▶ GIVEN DATA:
++++++++++

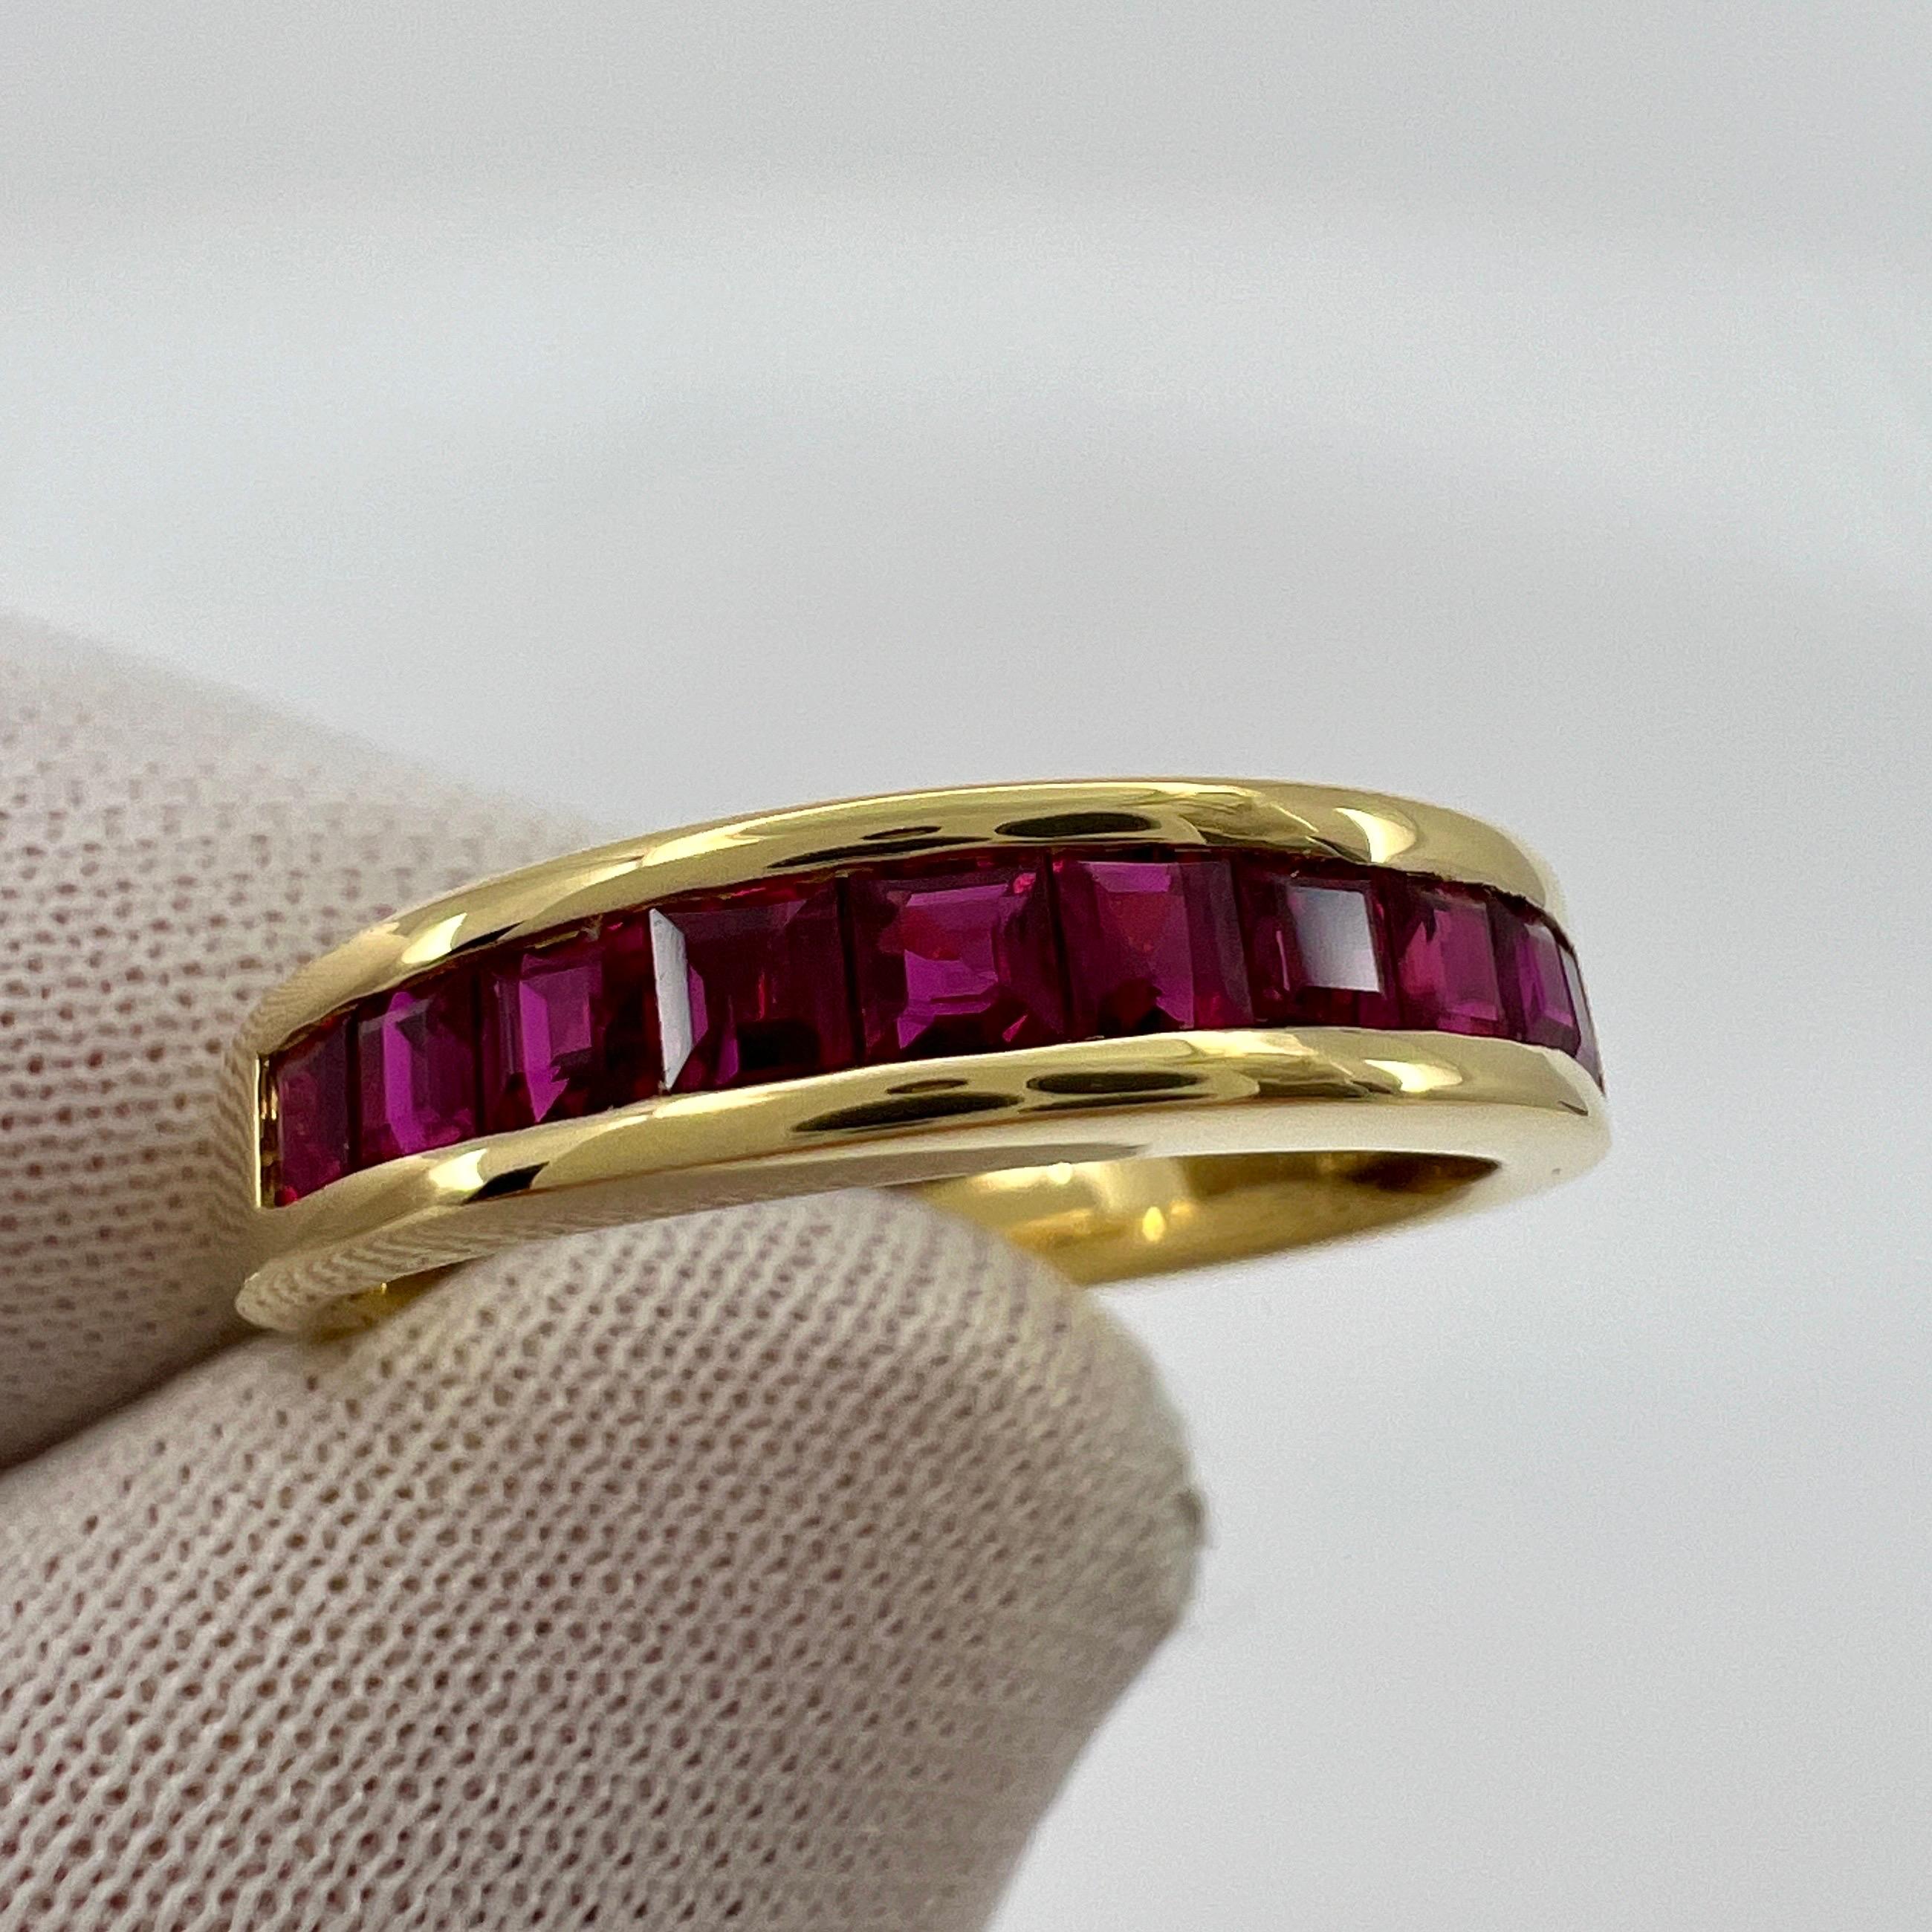 Vintage Tiffany & Co. 18k Yellow Gold Vivid Red Ruby Half Eternity Band Ring.

A beautifully made yellow gold half eternity ring set with stunning vivid red square princess cut rubies. Superb colour, clarity and cut. Perfectly matched. With a band
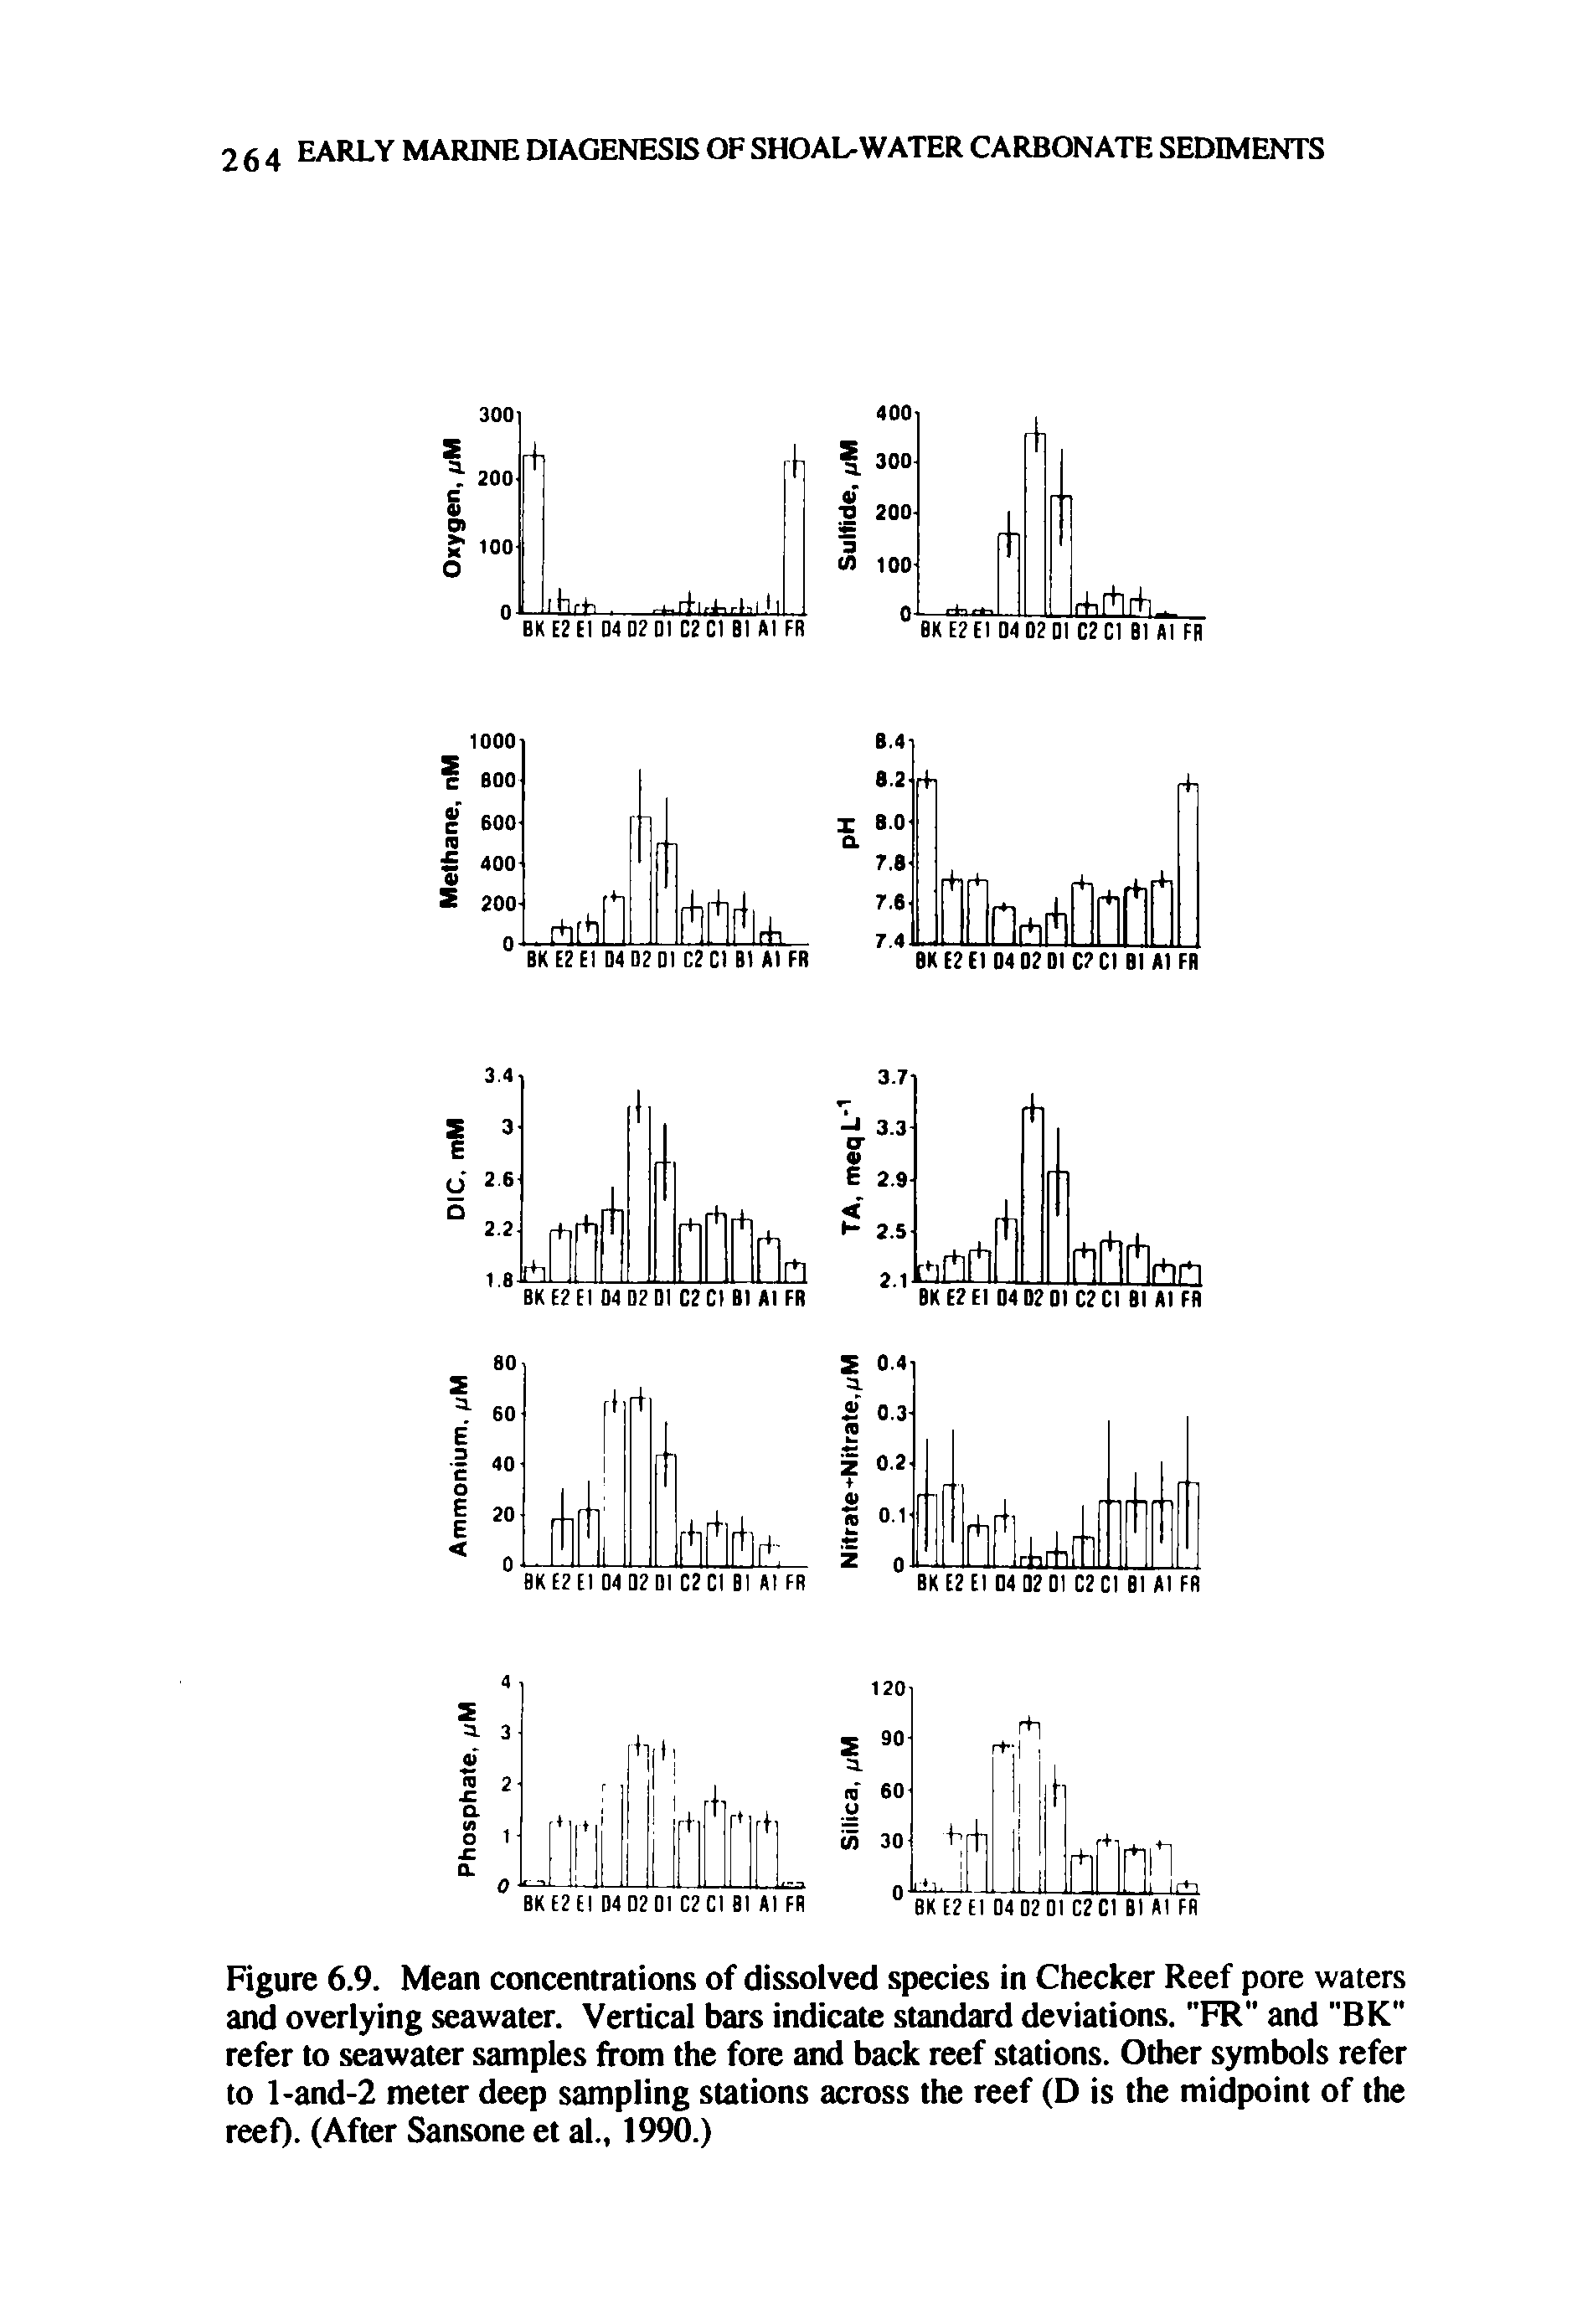 Figure 6.9. Mean concentrations of dissolved species in Checker Reef pore waters and overlying seawater. Vertical bars indicate standard deviations. "FR" and "BK" refer to seawater samples from the fore and back reef stations. Other symbols refer to l-and-2 meter deep sampling stations across the reef (D is the midpoint of the reef). (After Sansone et al., 1990.)...
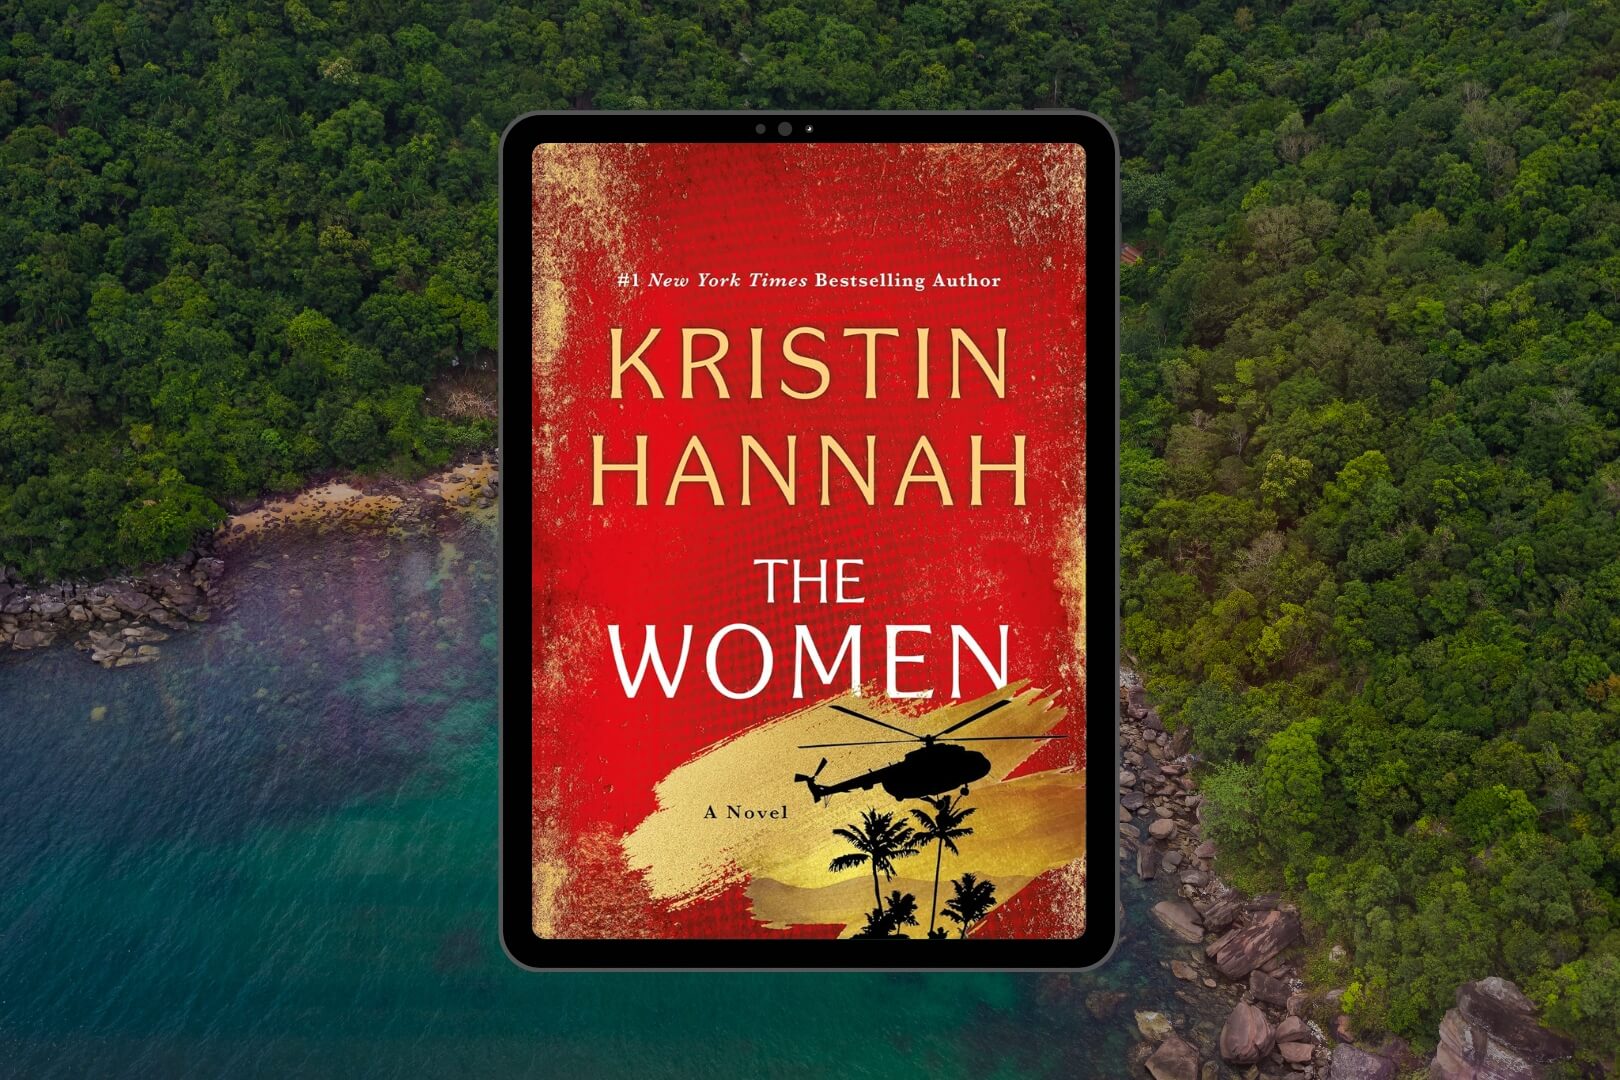 Book Club Questions for The Women by Kristin Hannah

++++++++++

▶ WORK ITEM: Exactly the lines from the one containing "A beautifully made" through the last line of the material above, both included and free of pictures, should make up your answer, please.

▶ PROBLEM SOLUTION:
A beautifully made yellow gold half eternity ring set with stunning vivid red square princess cut rubies. Superb colour, clarity and cut. Perfectly matched. With a band
 Figure 6.9. Mean concentrations of dissolved species in Checker Reef pore waters and overlying seawater. Vertical bars indicate standard deviations. "FR" and "BK" refer to seawater samples from the fore and back reef stations. Other symbols refer to l-and-2 meter deep sampling stations across the reef (D is the midpoint of the reef). (After Sansone et al., 1990.)...
 Book Club Questions for The Women by Kristin Hannah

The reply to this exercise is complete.